What is “CofeeLake” CFL?
The 8th generation Intel Core architecture is code-named “CofeeLake” (CFL): unlike previous architectures, it is a minor stepping of the previous 7th generation “KabyLake” (KBL), itself a minor update of the 6th generation “SkyLake” (SKL). The server/workstation (SKL-X/KBL-X) CPU core saw new instruction set support (AVX512) as well as other improvements – these have not made the transition yet.
Possibly due limited competition (before AMD Ryzen launch), process issues (still at 14nm) and the disclosure of a whole host of hardware vulnerabilities (Spectre, Meltdown, etc.) which required microcode (firmware) updates – performance improvements have not been forthcoming. This is pretty much unprecedented – while some Core updates were only evolutionary we have not had complete stagnation before; in addition the built-in GPU core has also remained pretty much stagnant – we will investigate this in a subsequent article.
However, CFL does bring up a major change – and that is increased core counts both on desktop and mobile: on desktop we go from 4 to 6 cores (+50%) while on mobile (ULV) we go from 2 to 4 (+100%) within the same TDP envelope!
In this article we test CPU Cache and Memory performance; please see our other articles on:
- Intel Core i7 8700K CofeeLake Review & Benchmarks – CPU 6-core/12-thread Performance
- Intel Core i7 8700K CofeeLake Review & Benchmarks – GPGPU (UHD 630) Performance
We are comparing the top-of-the-range Gen 8 Core i7 (8700K) with previous generation (6700K) and competing architectures with a view to upgrading to a mid-range high performance design.
|CPU Specifications||Intel i7-8700K CofeeLake||AMD Ryzen2 2700X Pinnacle Ridge||Intel i9-7900X SkyLake-X||Intel i7-6700K SkyLake||Comments|
|L1D / L1I Caches||6x 32kB 8-way / 6x 32kB 8-way||8x 32kB 8-way / 8x 64kB 8-way||10x 32kB 8-way / 10x 32kB 8-way||4x 32kB 8-way / 4x 32kB 8-way||No L1D/I changes, Ryzen’s L1I is twice as big.|
|L2 Caches||6x 256kB 4-way||8x 512kB 8-way||10x 1MB 16-way||4x 256kB 4-way||No L2 changes, Ryzen’s L2 is twice as big again.|
|L3 Caches||12MB 16-way||2x 8MB 16-way||2x 8MB 16-way||8MB 16-way||L3 has also increased with no of cores, still behind Ryzen’s dual 8MB L3 caches.|
|TLB 4kB pages
||64 4-way / 64 8-way/ 1536 6-way||64 full-way 1536 8-way||64 4-way / 64 8-way / 1536 6-way||64 4-way / 64 8-way / 1536 6-way||No TLB changes.|
|TLB 2MB pages
||8 full-way / 1536 6-way||64 full-way 1536 2-way||8 full-way / 1536 6-way||8 full-way / 1536 6-way||No TLB changes.|
|Memory Controller Speed (MHz)||1200-4400||1333-2667||1200-2700||1200-4000||The uncore (memory controller) runs at faster clock due to higher rated clock but not a lot in it.|
|Memory Data Speed (MHz)
||3200||2667||3200||2533||CFL can easily run at 3200Mt/s while KBL/SKL were not as reliable.
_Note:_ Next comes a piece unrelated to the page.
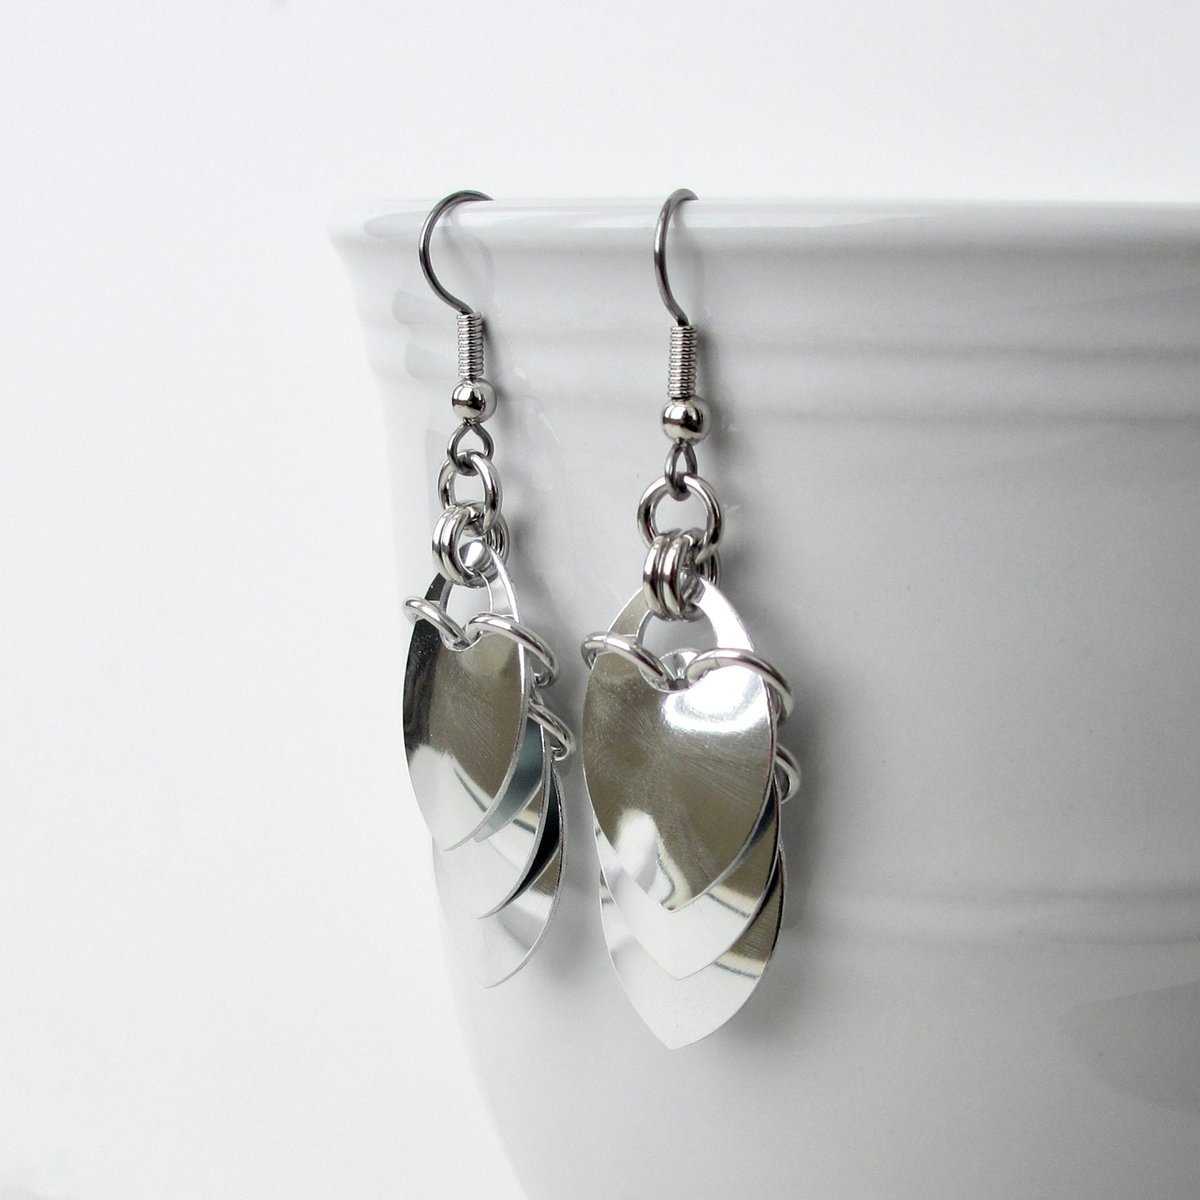 Silver aluminum chainmail scales earrings, shiny mirror finish, everyday wear lightweight non-tarnish jewelry

We could not get Ryzen past 2667 while it does support 2933.|
|Memory Channels / Width
||2 / 128-bit||2 / 128-bit||2 / 128-bit||2 / 128-bit||All have 128-bit total channel width.|
|Memory Bandwidth (GB/s)
||50||42||100||40||Bandwidth has naturally increased with memory clock speed but latencies are higher.|
|Uncore / Memory Controller Firmware
||2.6.2||126.96.36.199||We’re on firmware 2.6.x vs. 2.0.x on old SKL/KBL.|
|Memory Timing (clocks)
||16-16-16-36 6-52-25-12 2T||16-17-17-35 7-60-20-10 2T||16-18-18-36 5-54-21-10 2T||Timings are very much BIOS dependent and vary a lot.|
We are testing native arithmetic, SIMD and cryptography performance using the highest performing instruction sets (AVX2, AVX, etc.). CFL supports most modern instruction sets (AVX2, FMA3) but not the latest SKL/KBL-X AVX512 nor a few others like SHA HWA (Atom, Ryzen).
Results Interpretation: Higher values (GOPS, MB/s, etc.) mean better performance.
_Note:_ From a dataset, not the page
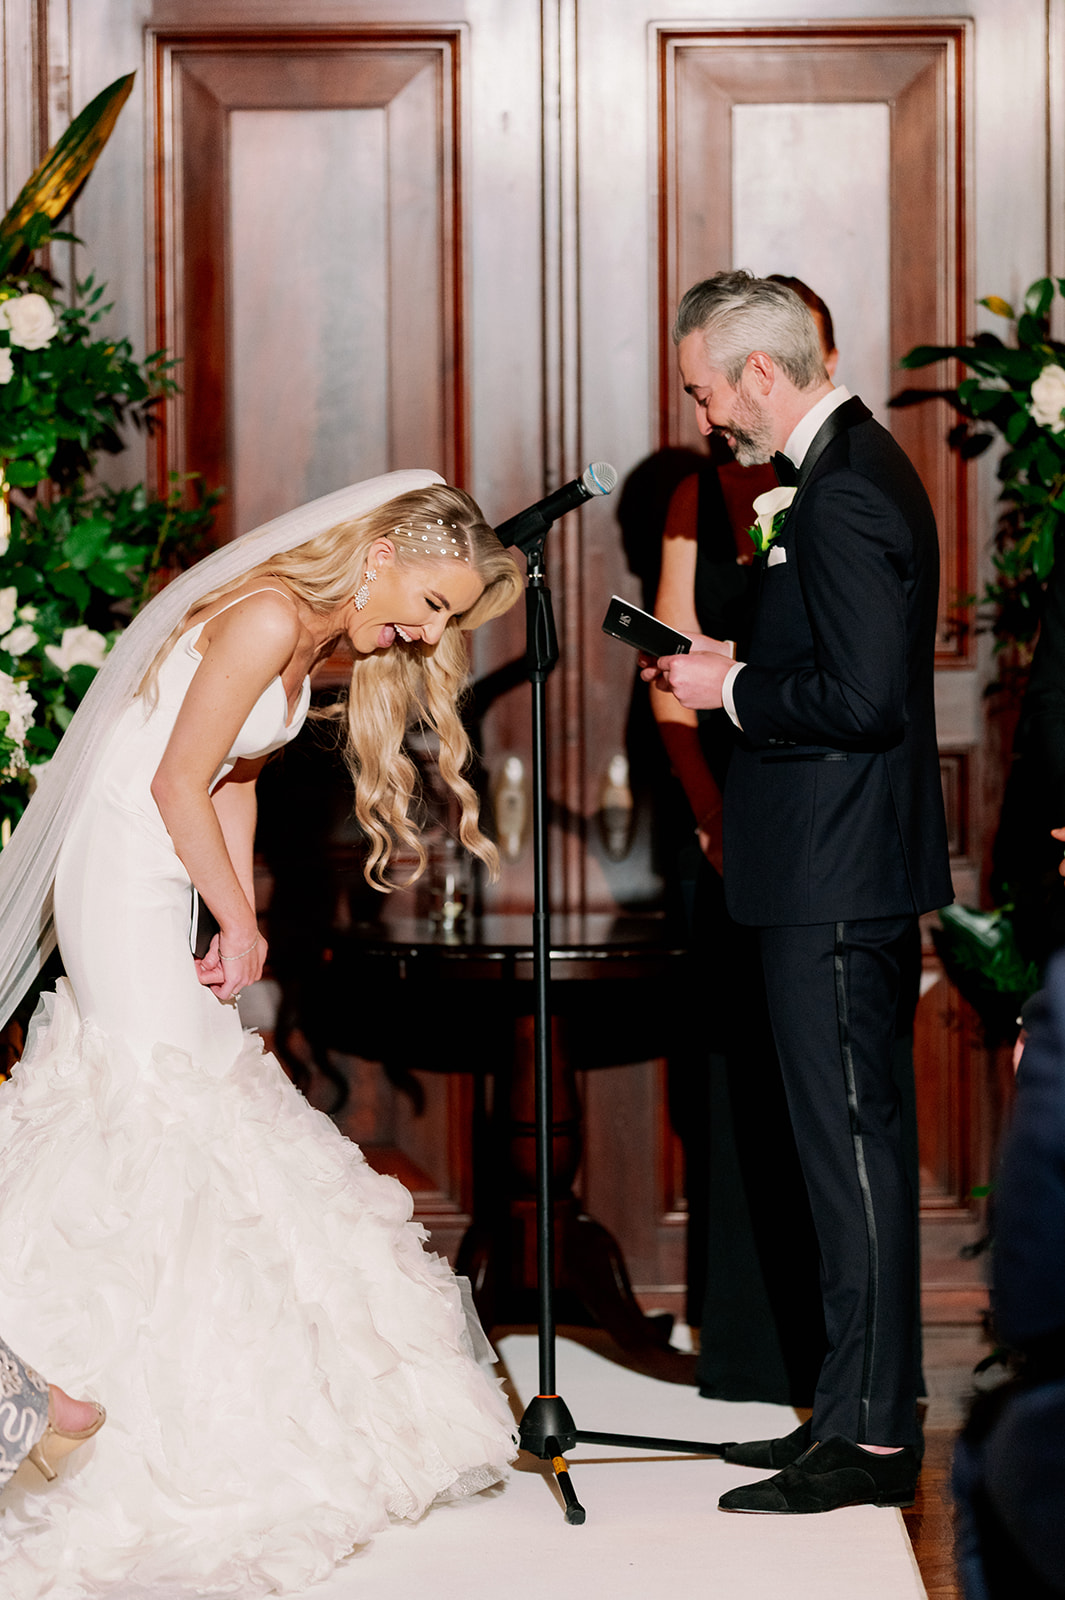 Candid moment of bride and groom laughing during their wedding ceremony at Bourne Mansion.

Environment: Windows 10 x64 (1807), latest drivers. 2MB “large pages” were enabled and in use. Turbo / Boost was enabled on all configurations.
Spectre / Meltdown Windows Mitigations: all were enabled as per default (BTI enabled, RDCL/KVA enabled, PCID enabled).
Ryzen2 brings nice updates – good bandwidth increases to all caches L1D/L2/L3 and also well-needed latency reduction for data (and code) accesses. Yes, there is still work to be done to bring the latencies down further – but it may be just enough to beat Intel to 2nd place for a good while.
At the high-end, ThreadRipper2 will likely benefit most as it’s going against many-core SKL-X AVX512-enabled competitor which is a lot “tougher” than the normal SKL/KBL/CFL consumer versions.
SiSoftware Official Ranker Scores
Final Thoughts / Conclusions
CFL’s caches and memory (uncore) sub-systems are unchanged from SKL/KBL and thus provide no surprises, with rock-solid performance at 3200Mt/s with huge bandwidth (needed after all to feed 12 threads) but Ryzen2 has improved a lot over old AMD CPU designs.
With the continuous increase in cores/threads (8/12 in CFL-R) as with Ryzen1/2 but modest DDR4 speed increases (not to mention very high cost), the desktop platforms are likely to see diminishing returns due to core/thread data starvation while the extra cores just cannot be fed by the memory sub-systems. The L2 and L3 caches will need to be improved (widened, larger as with SKL-X) also the now defunct L4/eDRAM cache should re-emerge to mitigate these issues…